TASK DESCRIPTION »
Somewhere below, one line contains "Prov på lappning" and a later line contains "Playa Hilton Grand". Output those two lines and everything between them exactly, and nothing else.

EXTRACTED INFORMATION »

■ ■ ■ ■

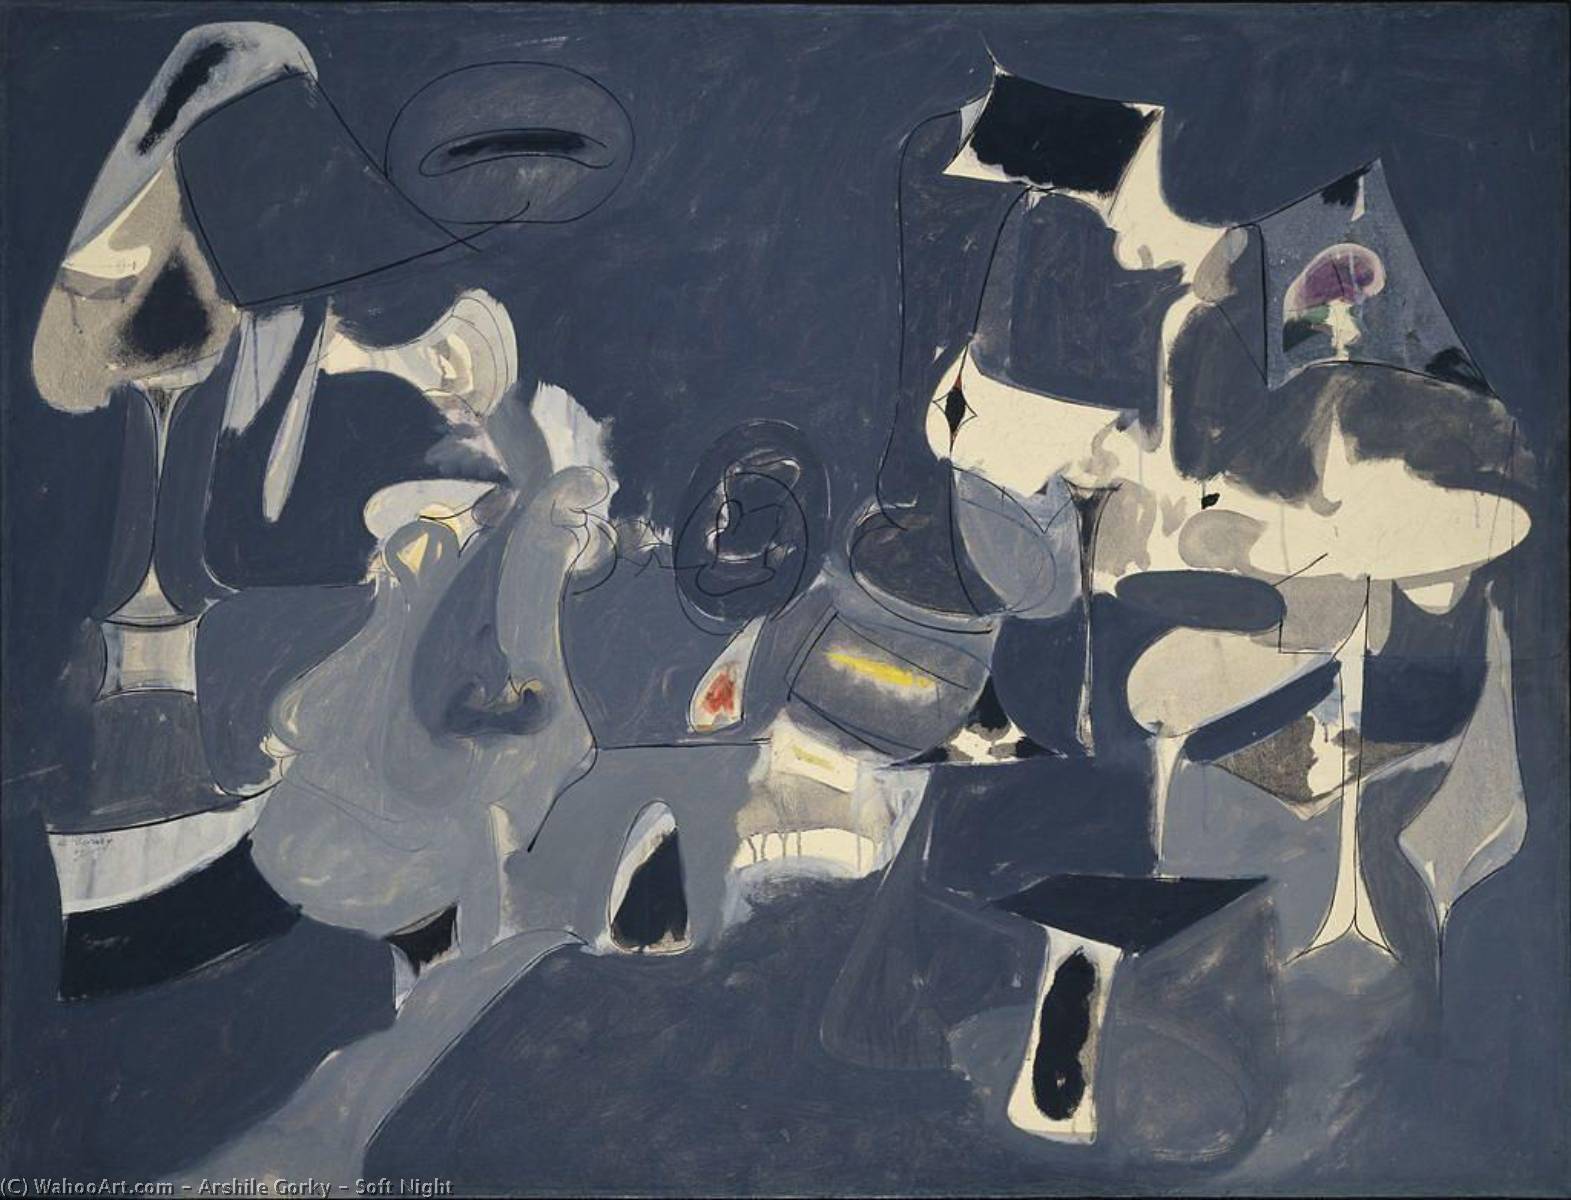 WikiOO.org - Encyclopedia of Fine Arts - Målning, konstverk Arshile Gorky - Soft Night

■ ■ ■ ■

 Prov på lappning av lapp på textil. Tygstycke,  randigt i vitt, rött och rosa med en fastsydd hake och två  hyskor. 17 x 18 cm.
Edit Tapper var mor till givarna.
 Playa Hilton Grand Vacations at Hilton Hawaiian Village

■ ■ ■ ■

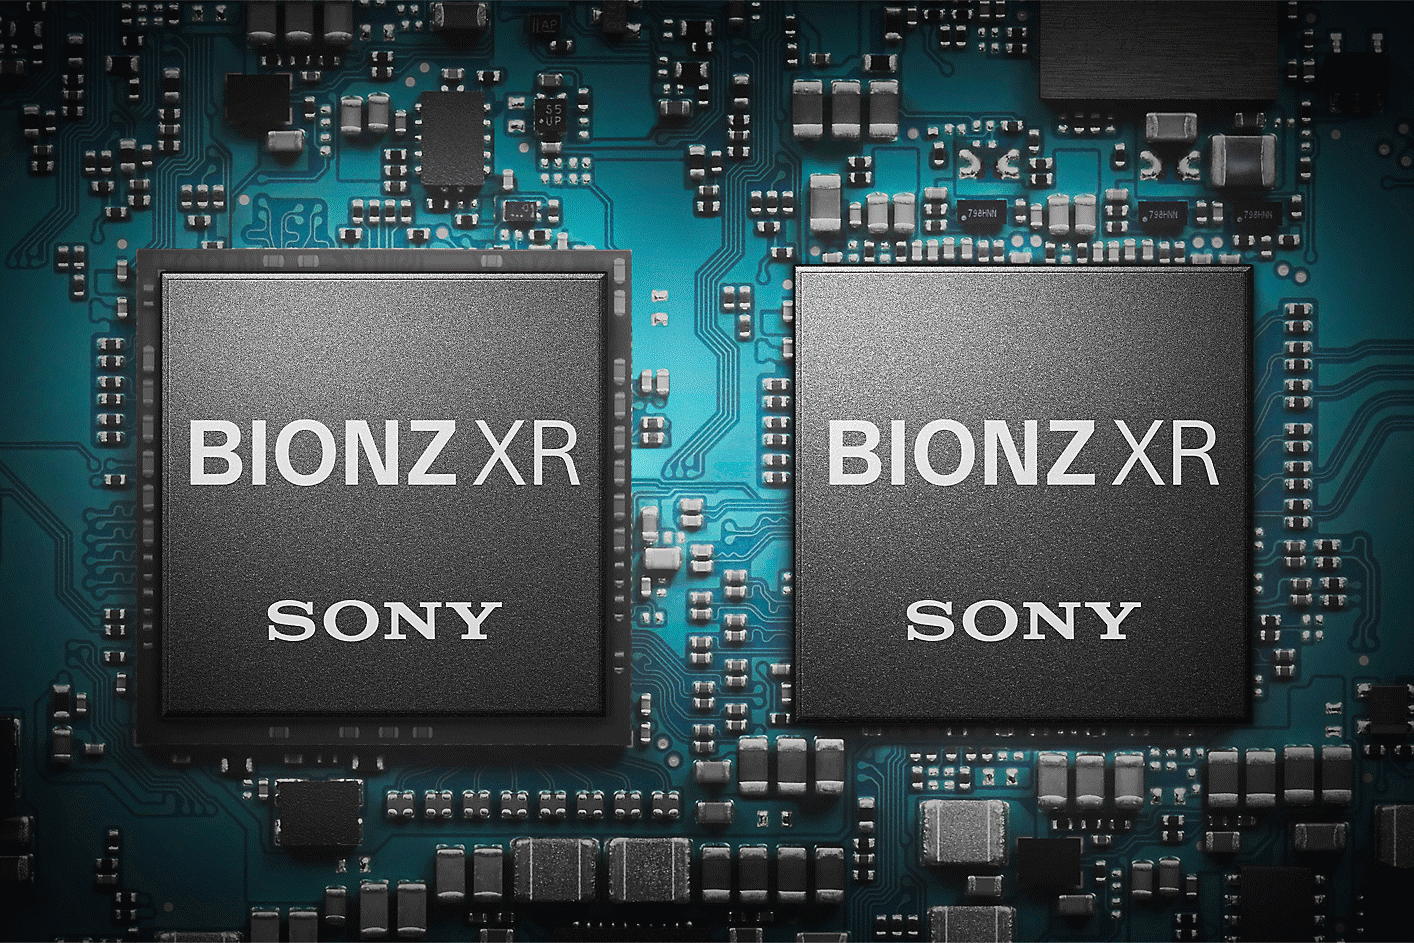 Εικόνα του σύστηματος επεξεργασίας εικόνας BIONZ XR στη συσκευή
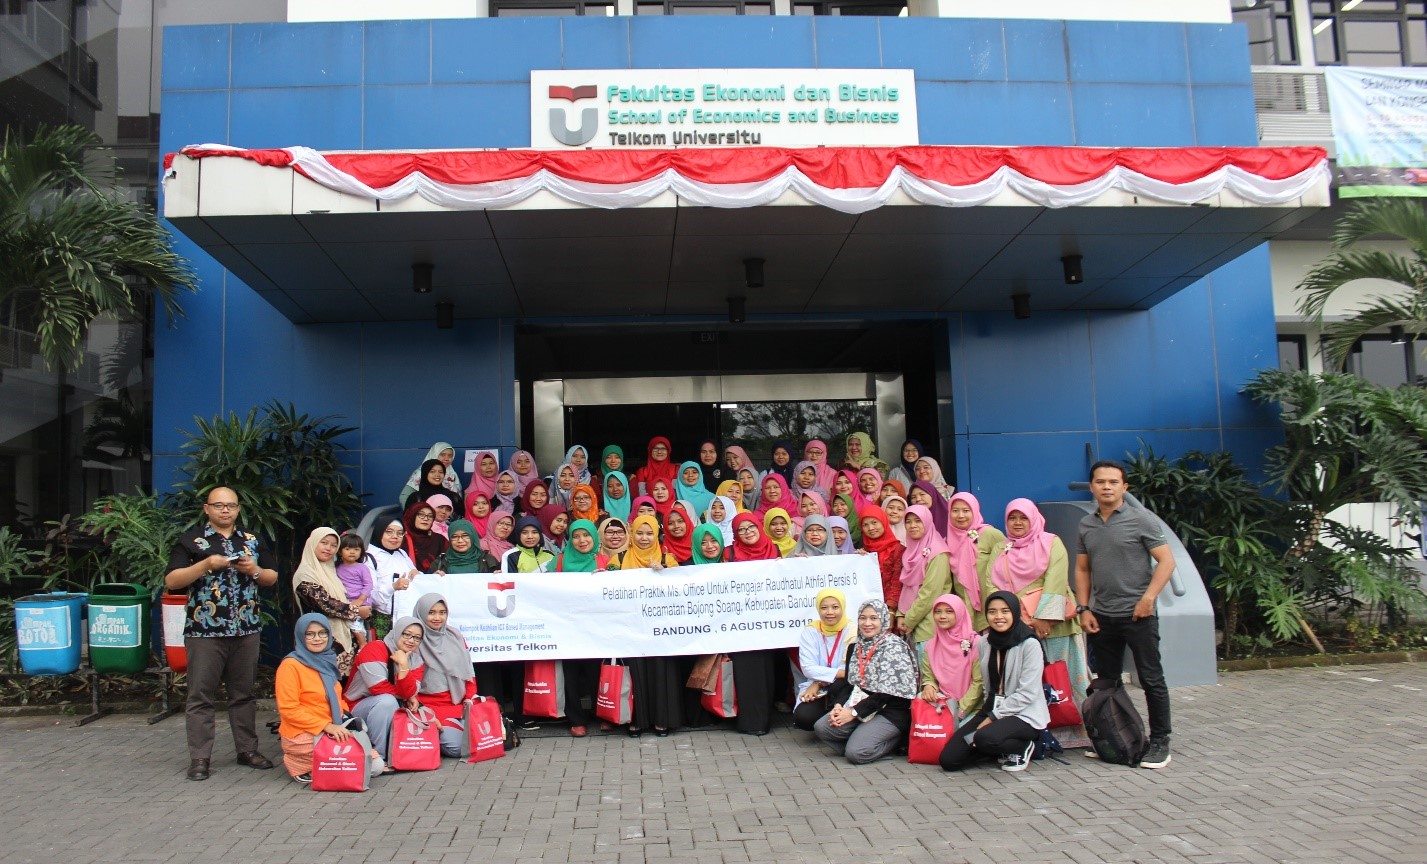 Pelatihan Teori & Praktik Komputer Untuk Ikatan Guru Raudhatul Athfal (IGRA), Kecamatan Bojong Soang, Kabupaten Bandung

■ ■ ■ ■

THE ANSWER »
 Prov på lappning av lapp på textil. Tygstycke,  randigt i vitt, rött och rosa med en fastsydd hake och två  hyskor. 17 x 18 cm.
Edit Tapper var mor till givarna.
 Playa Hilton Grand Vacations at Hilton Hawaiian Village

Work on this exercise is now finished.